Ce sujet fait partie de notre Guide complet de la succession en Belgique 2026, qui couvre les étapes après un décès : démarches, organismes, délais, fiscalité.
Quand on perd un proche, la banque est souvent l'une des premières portes auxquelles on se heurte. Les comptes se ferment d'un coup, et on se retrouve à devoir avancer les frais funéraires sans pouvoir toucher à l'argent qui pourtant existe. C'est une situation que beaucoup de familles découvrent au pire moment.
Je vais vous accompagner pas à pas. On va voir ce qui se passe vraiment au décès du titulaire, comment débloquer une avance pour les dépenses urgentes, quels papiers réunir, et comment s'y prendre avec les principales banques belges. Le système belge a ses propres règles, plus souples qu'en France sur certains points.
Ce qui se passe au décès du titulaire
Dès qu'une banque belge apprend le décès d'un client, elle bloque immédiatement plusieurs choses. Les comptes individuels du défunt d'abord, qu'il s'agisse des comptes courants ou des comptes épargne. Les comptes-titres et les placements ensuite. Et le coffre-fort, qui est scellé.
Les comptes joints, eux, continuent de fonctionner pour le co-titulaire. Attention toutefois aux conditions, qui varient selon les banques : certaines limitent l'accès à 50 % des avoirs en attendant la suite de la succession.
L'avance pour les dépenses urgentes
La loi belge prévoit une bouffée d'air pour ne pas avoir à tout sortir de sa propre poche. Le conjoint marié, le cohabitant légal ou les héritiers peuvent disposer d'une avance sur les comptes du défunt pour faire face aux dépenses urgentes, comme les frais funéraires et les premières factures.
Cette avance est plafonnée à 5 000 €, ou à 50 % des soldes disponibles des comptes communs ou en indivision, en retenant le plus petit des deux montants. Pour l'obtenir, présentez l'acte de décès, votre pièce d'identité et un justificatif de votre lien avec le défunt. Ce mécanisme reprend l'esprit de l'avance française prévue par l'article L312-1-4.
Le certificat d'hérédité, la clé du déblocage
Pour débloquer définitivement les avoirs, la banque réclame un certificat d'hérédité. Ce document atteste deux choses : l'identité des héritiers qui peuvent prétendre aux avoirs, et la confirmation que les héritiers et le défunt n'avaient pas de dettes à la date du décès.
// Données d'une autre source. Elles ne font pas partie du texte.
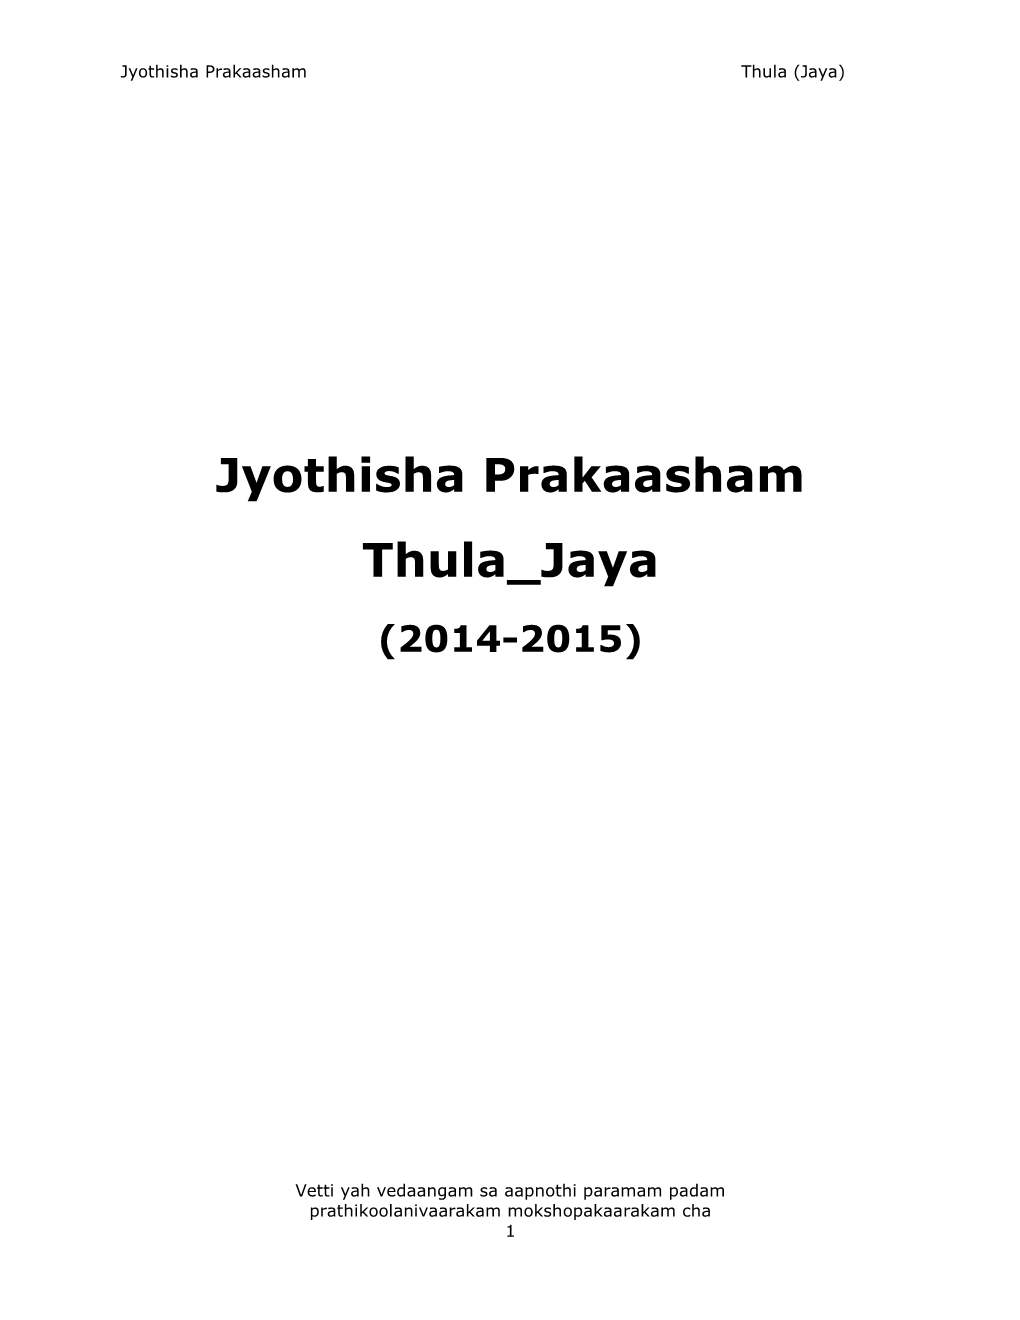 Jyothisha Prakaasham Thula Jaya

Vous pouvez l'obtenir de deux manières. Le bureau de l'enregistrement du SPF Finances le délivre gratuitement, pour les successions simples. Un notaire belge le délivre aussi, contre paiement, pour les situations plus complexes.
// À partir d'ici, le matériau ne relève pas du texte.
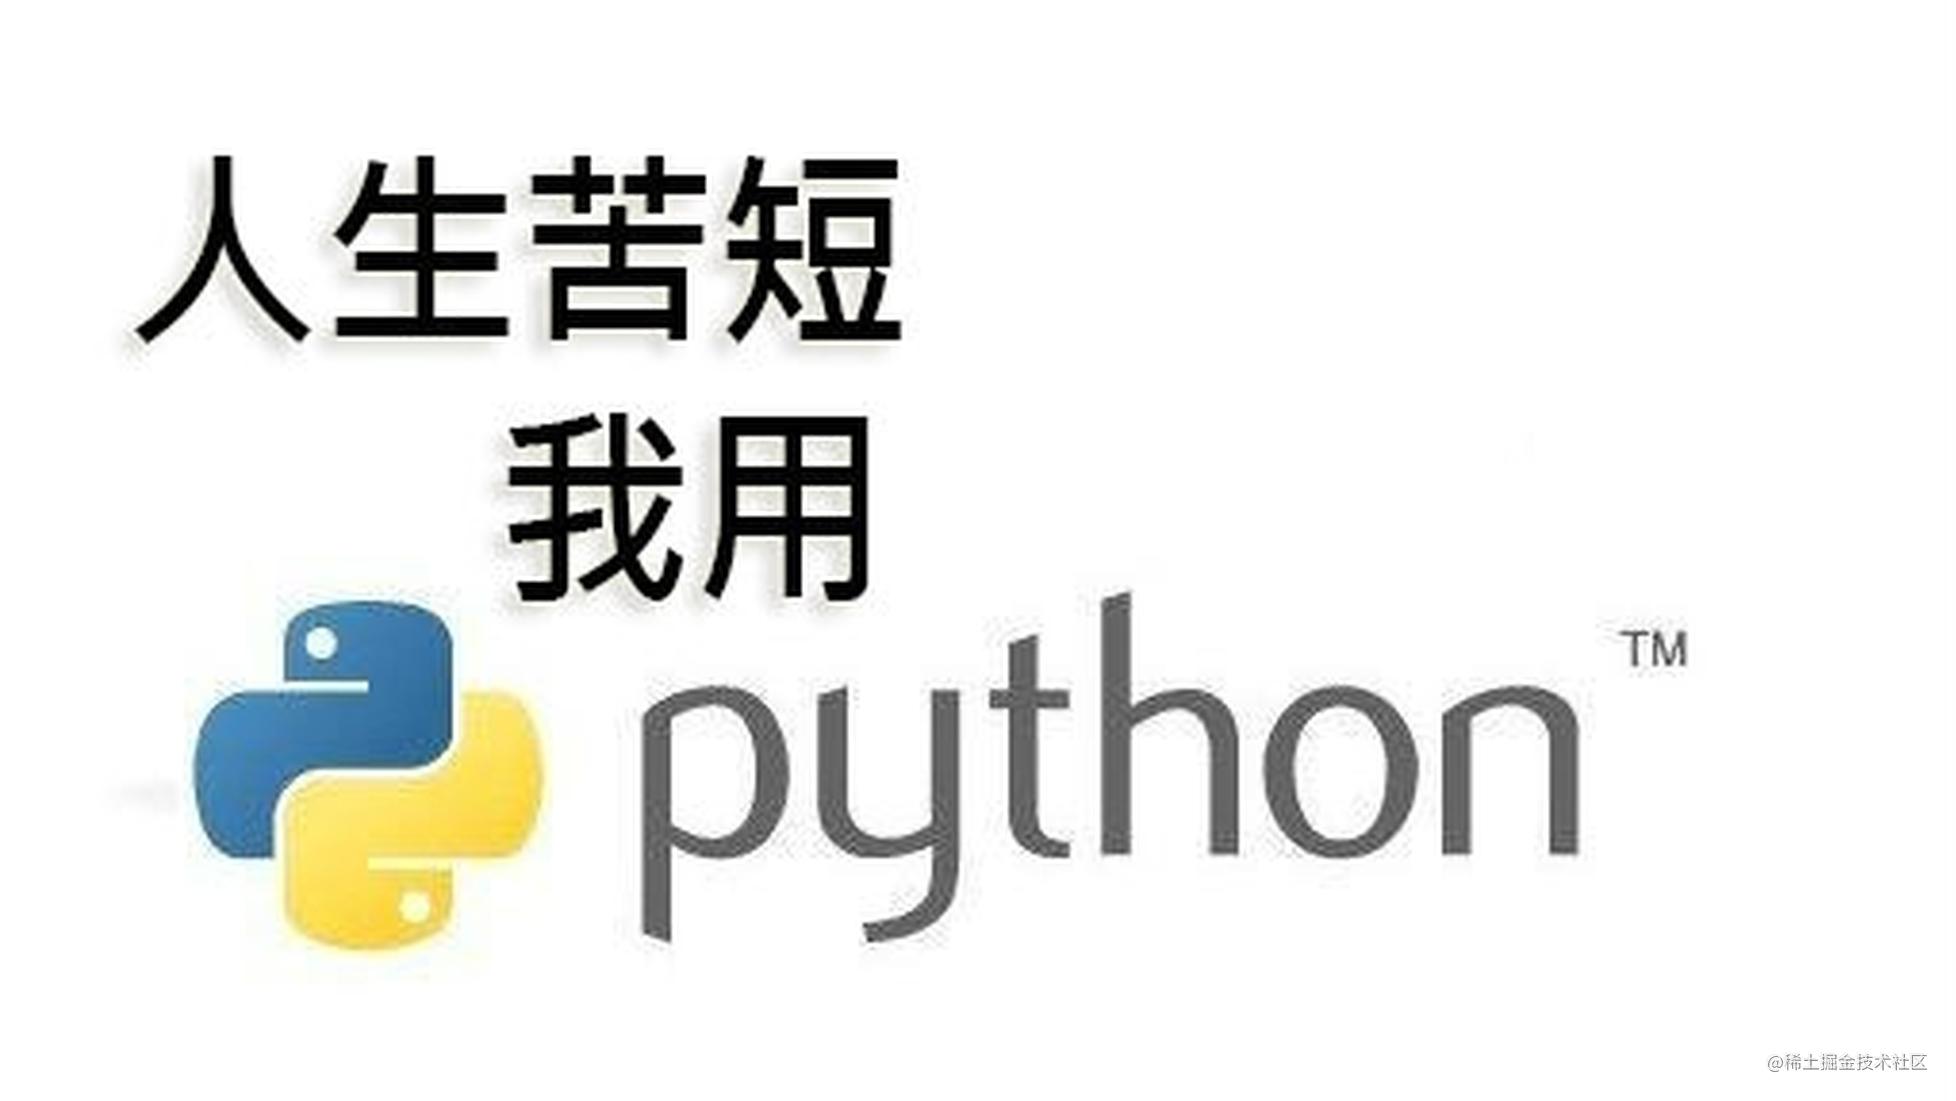 详解 Python 模板引擎工作机制

C'est là une vraie différence avec la France. Là où le notaire y est presque incontournable, les héritiers belges peuvent souvent obtenir ce certificat sans notaire, directement au bureau de l'enregistrement, pour les petites successions sans complication.
Les démarches, dans l'ordre
1. Retrouver les banques du défunt
Cherchez les cartes bancaires dans le portefeuille, les relevés dans le courrier, et repérez les prélèvements récurrents qui trahissent un compte actif.
2. Contacter chaque banque
Voici les points d'entrée des principaux établissements :
- BNP Paribas Fortis : déclaration de décès en ligne sur bnpparibasfortis.be/deces
- Belfius : agence locale ou téléphone du service successions
- KBC : agence locale (réseau dense en Flandre)
- ING Belgium : centre client succession
- Argenta : réseau d'agences agents
3. Réunir les pièces
- Acte de décès (original ou copie)
- Pièce d'identité du déclarant
- Justificatif du lien avec le défunt
- Numéro de compte du défunt, si vous le connaissez
- RIB pour l'avance ou le versement final
- Certificat d'hérédité, à fournir une fois obtenu
4. Retrouver tous les comptes avec le PCC
Si vous craignez d'oublier un compte, la Belgique dispose du Point de Contact Central des comptes et contrats financiers (PCC), géré par la Banque Nationale de Belgique. Il recense tous les comptes bancaires belges du défunt. La demande passe par le notaire ou se fait directement. C'est l'équivalent du FICOBA français.
Les frais et le coffre-fort
Les banques belges appliquent des frais de gestion de succession, de l'ordre de 100 à 300 € selon l'établissement et la complexité du dossier. Ils sont prélevés sur l'actif successoral. Certaines banques sont sensiblement plus chères que d'autres sur ce point : le notaire peut vous orienter selon le profil du défunt.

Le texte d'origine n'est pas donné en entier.